I am a family medicine physician who had every intention of seeing patients all day, every day for 35 years and call it a day. As you know… life sometimes pivots in pretty compelling ways and it did for me when I got the call from the president of our medical group to coach and develop our clinicians. Twenty years later, I founded a company, Practicing Excellencewith an amazing group of people, who is now coaching tens of thousands of clinicians, team members and leaders to make life better for patients, those providing care, the leaders who lead and the groups they are part of.
I want to share what we have learned about the power of coaching, what makes it work and why it is the most important thing we can do as leaders. These are the essence of our learnings that now fuel a coaching approach to build an organizational mastery culture that is constantly growing the skills to connect to patients, collaborate across teams and lead to bring the best of others.
My top 10 reflections on coaching:
- The most important question to ask those who are coached is, “tell me the kind of clinician you want to become?” Having asked this question hundreds of times, there are remarkably consistent themes with most every clinician about being a trusted difference maker who partners with patients to advance their clinical care. They have a vision and hope for themselves which is often different from where they are when they begin to be coached. The coaching process is simply helping them become who they aspire to be.
- You cannot hold people accountable for an outcome or metric without the tools and development to deliver on that outcome. Data provision and attributable to individuals must come with adaptive data response with the knowledge and skills to improve.
- Coaching and development are not remediation interventions. Coaching and development work for everyone at every level and using simply for the “challenged” is a radical underutilization of a development strategy.
- Leaders should go first in the coaching process to advance their effectiveness as leaders, brought with vulnerability, curiosity and self-awareness to lead a coaching culture by example and going first to advance their abilities to bring the best of others. Nothing builds authenticity and trust more than doing what you ask others to do.
- Coaching of skills to create outcomes must map to organizational “North Star” priorities. Coaching is not random or ad hoc. It is a highly disciplined provision of skills and behaviors to manifest your vision in witnessable and measurable ways.
- The key to coaching success is the provision of simple actions that create moments of impact with those who are coached. The process of learning a skill, trying a skill, and experiencing meaningful benefit perpetuates the skill as worth doing, sustains the behavior and often creates ambassadors for learning as they share their story.

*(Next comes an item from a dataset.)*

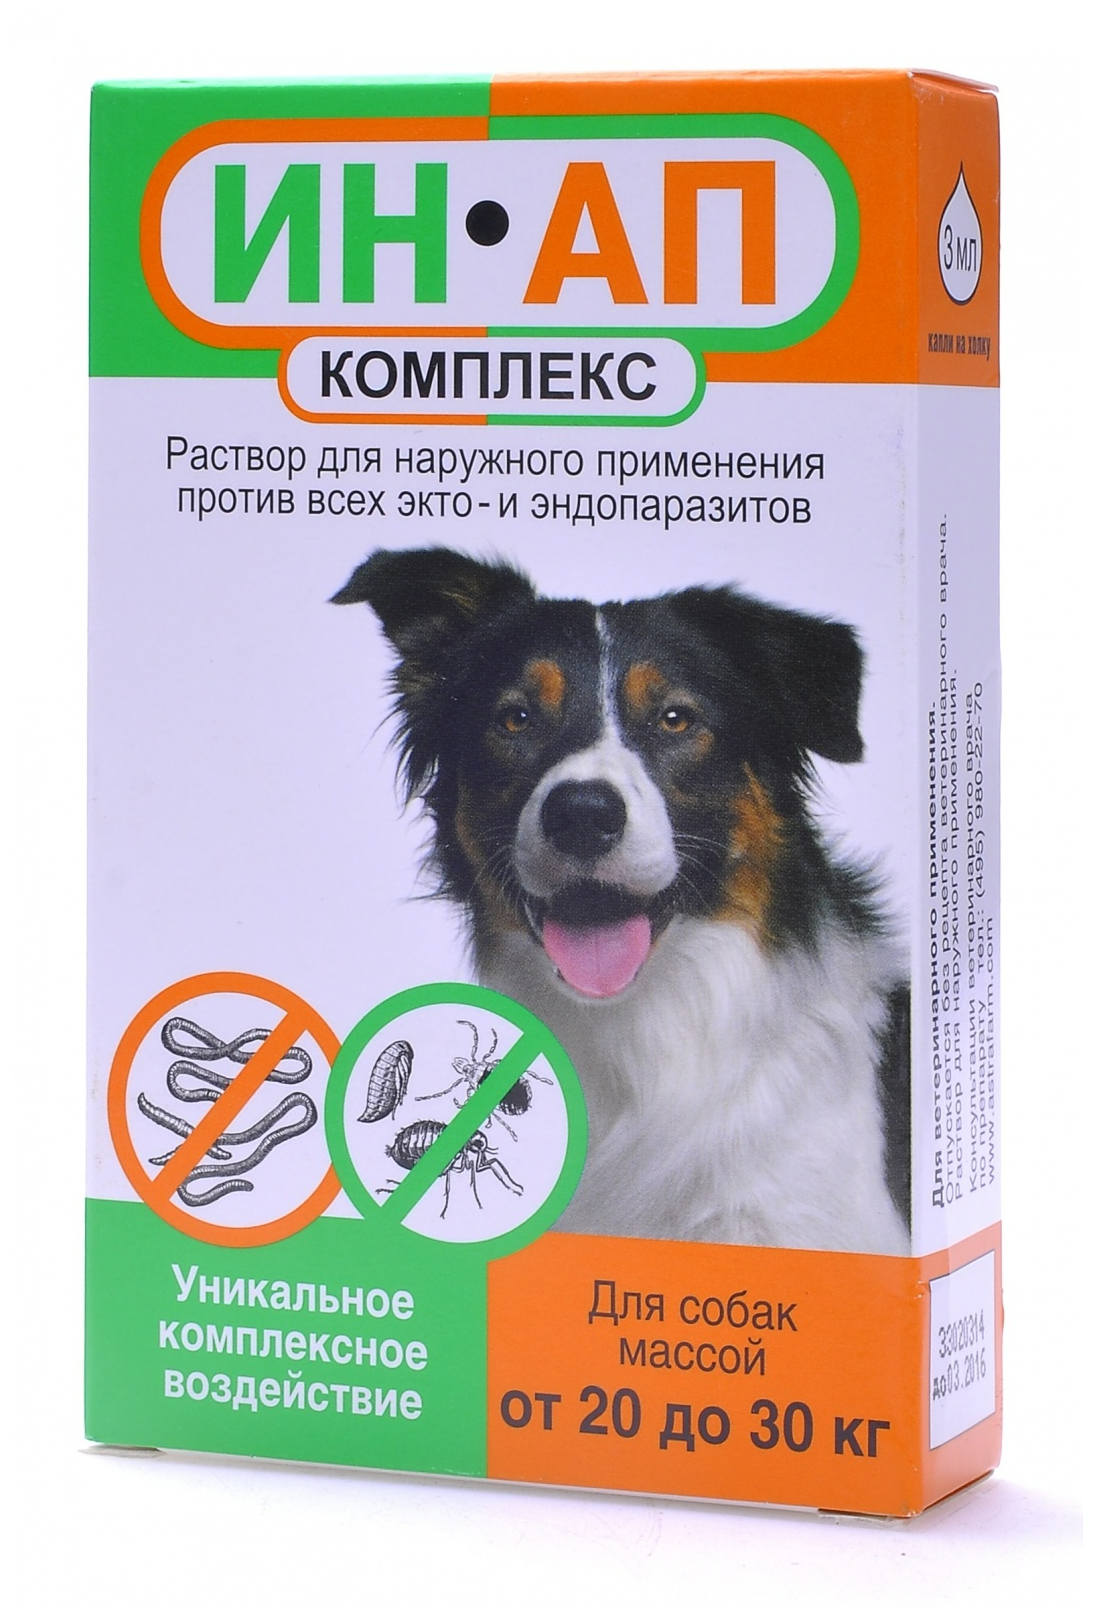 Астрафарм Капли против экто- и эндопаразитов ИН-АП для собак массой от 20 до 30 кг
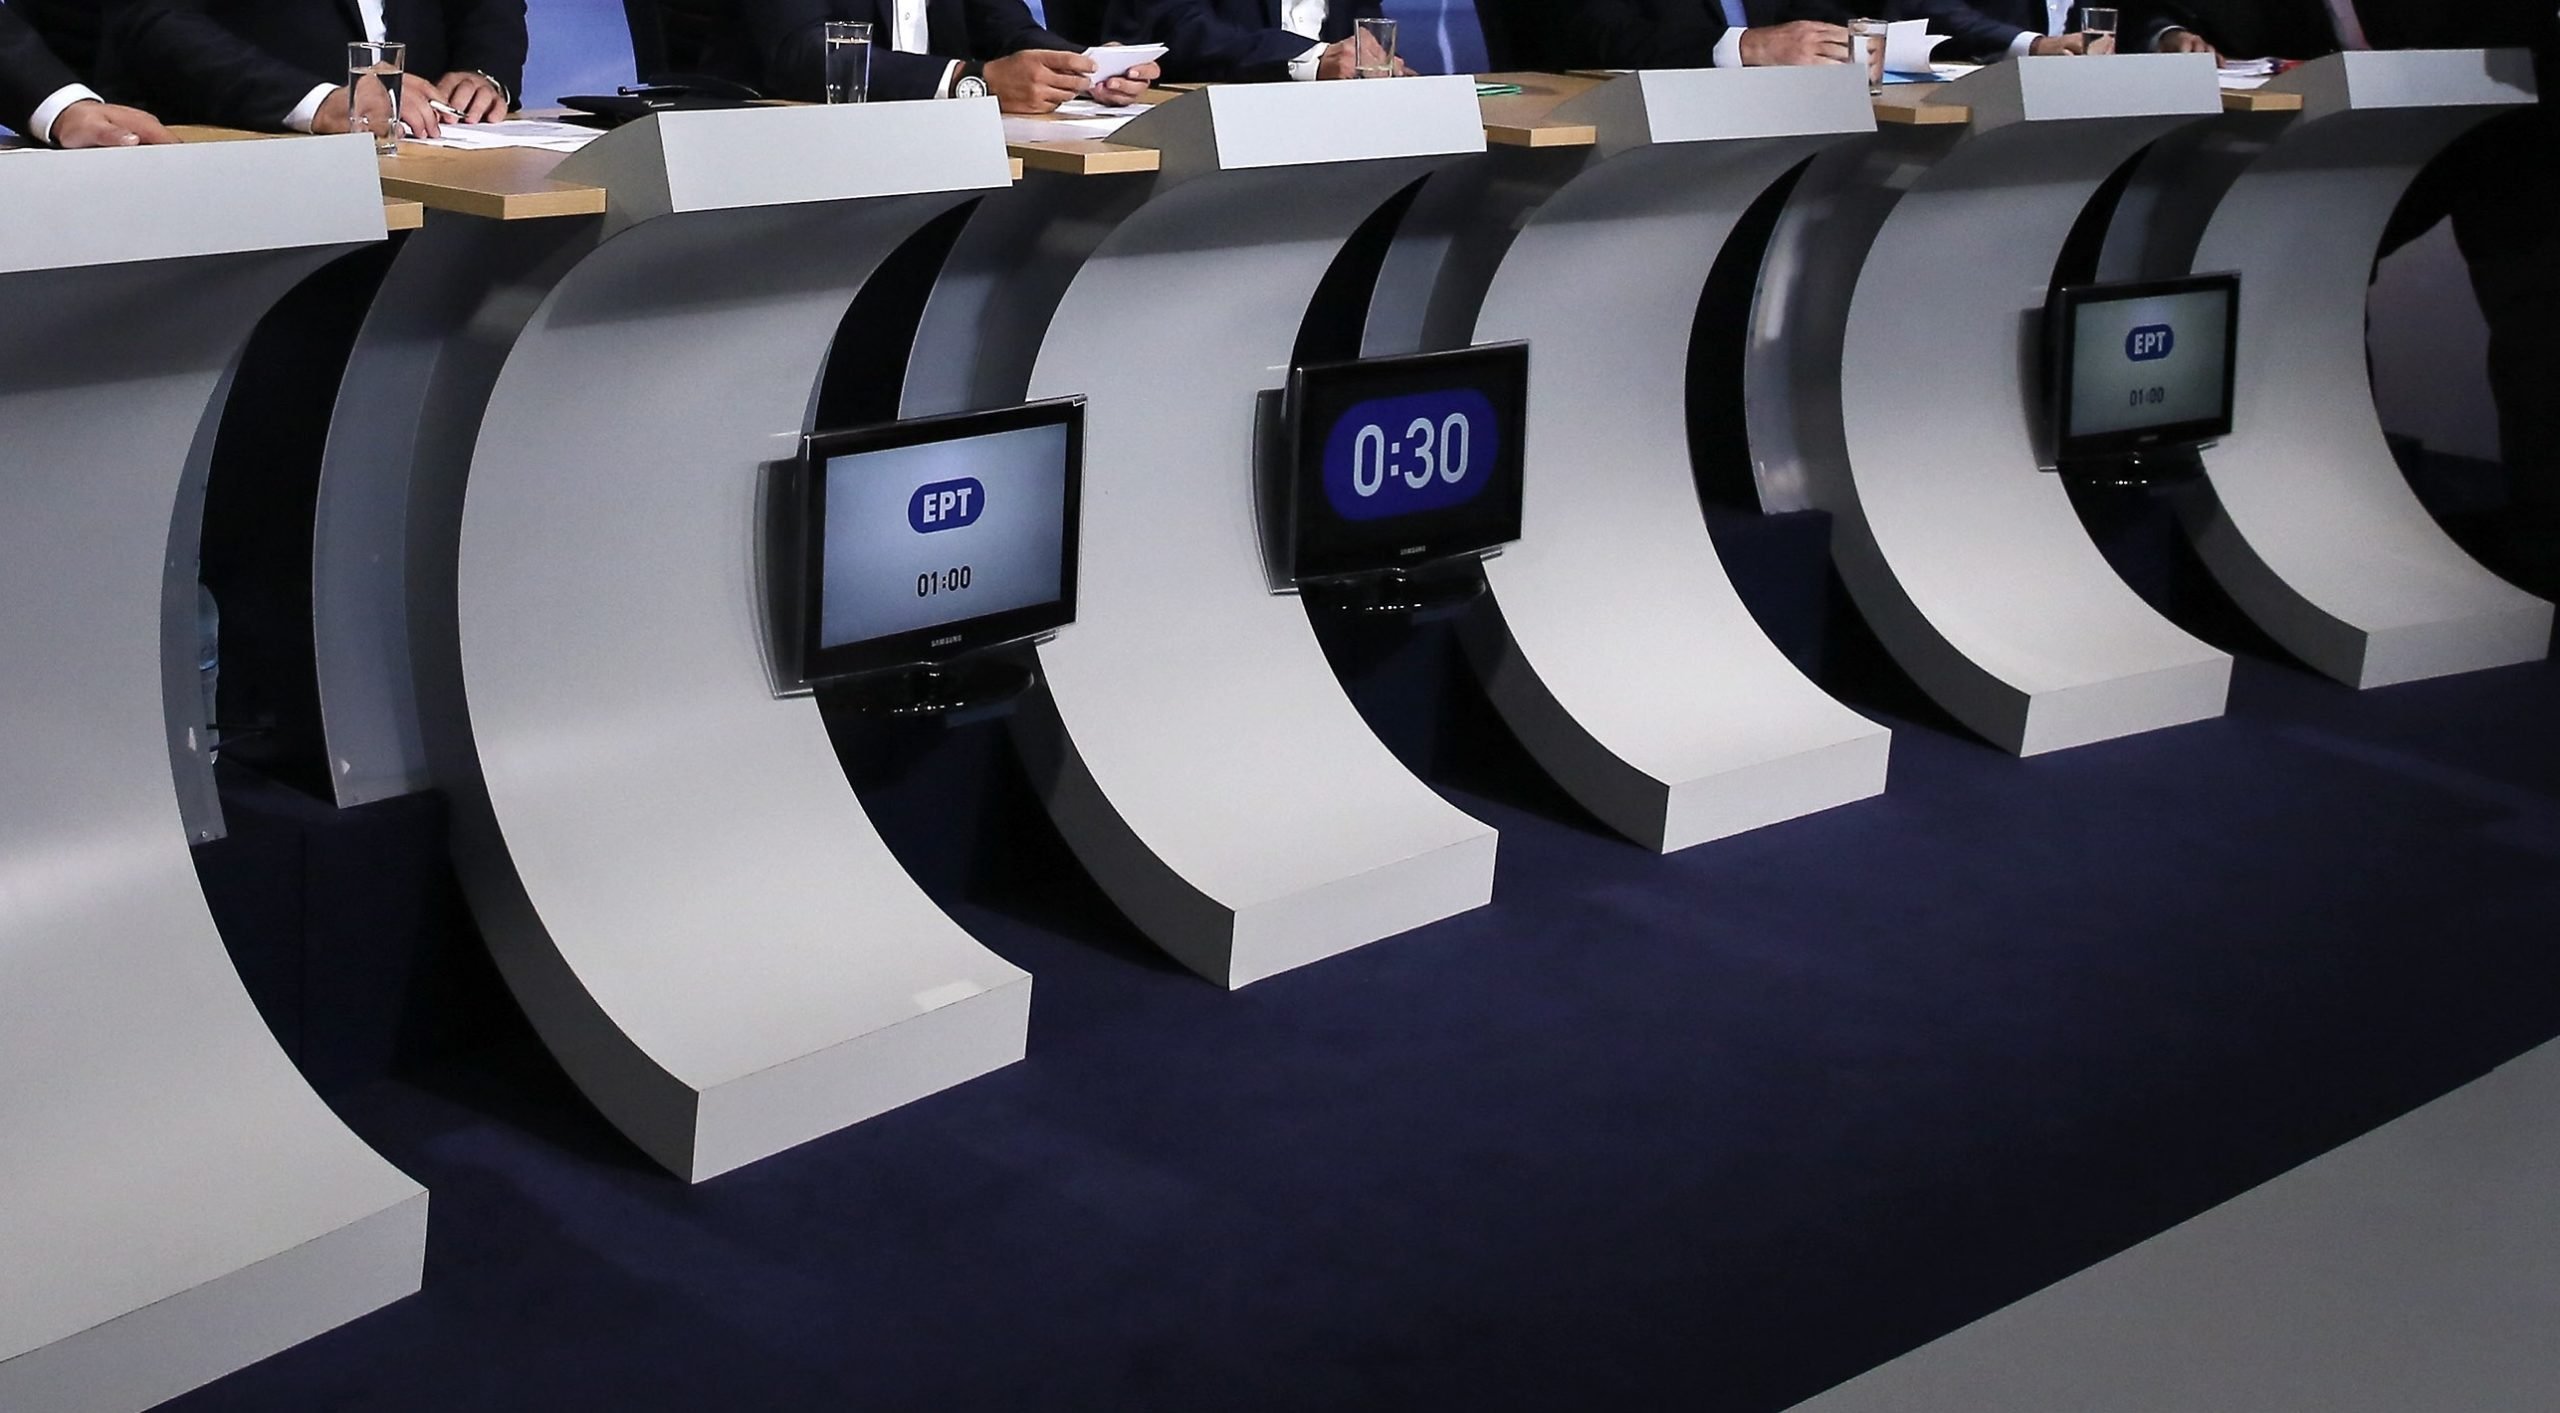 Εκλογές: Η ιστορία των debate στην Ελλάδα – Πώς έγινε η πρώτη τηλεμαχία στο Πάντειο Πανεπιστήμιο το 1990

- Coaching does not have to take large investments of time. We have found a micro-learning approach, powered by app-based video coaching tips of 5 minutes per week with immediate application of new skills is consistently creating improvement for individuals and organizations. The on-the-fly coaching is preferrable for clinicians, care teams and leaders who have no spare time.
- Coaching leadership skills at the clinical micro-system level are essential for culture, talent retention, safety, patient experience and everything else we want from our health system. Coaching the skills of running small teams, creating influence and encouraging others and how to bring the best from teammates is both critical, and almost totally undeveloped in most clinicians.
- Authentic recognition of the display of a coached skill is a powerful replicator of that new behavior. Appreciation of what others do can change how they see themselves, the pride they have in their work, and the revitalizing of a tired care team member.
- The consistency of leader skills to engage care teams through mindset, listening, modeling, influence, gratitude, approachability, team intelligence is highly variant in most organizations and coaching for all leaders is essential to care for and effectively those who care for others.
Coaching works in extraordinary ways to help clinicians, teams and leaders soar, be who they aspire to be and to create tremendous pride in who they are. Our real job as leaders is to simply help those we lead be their best, and coaching may just be the most powerful way to make that happen.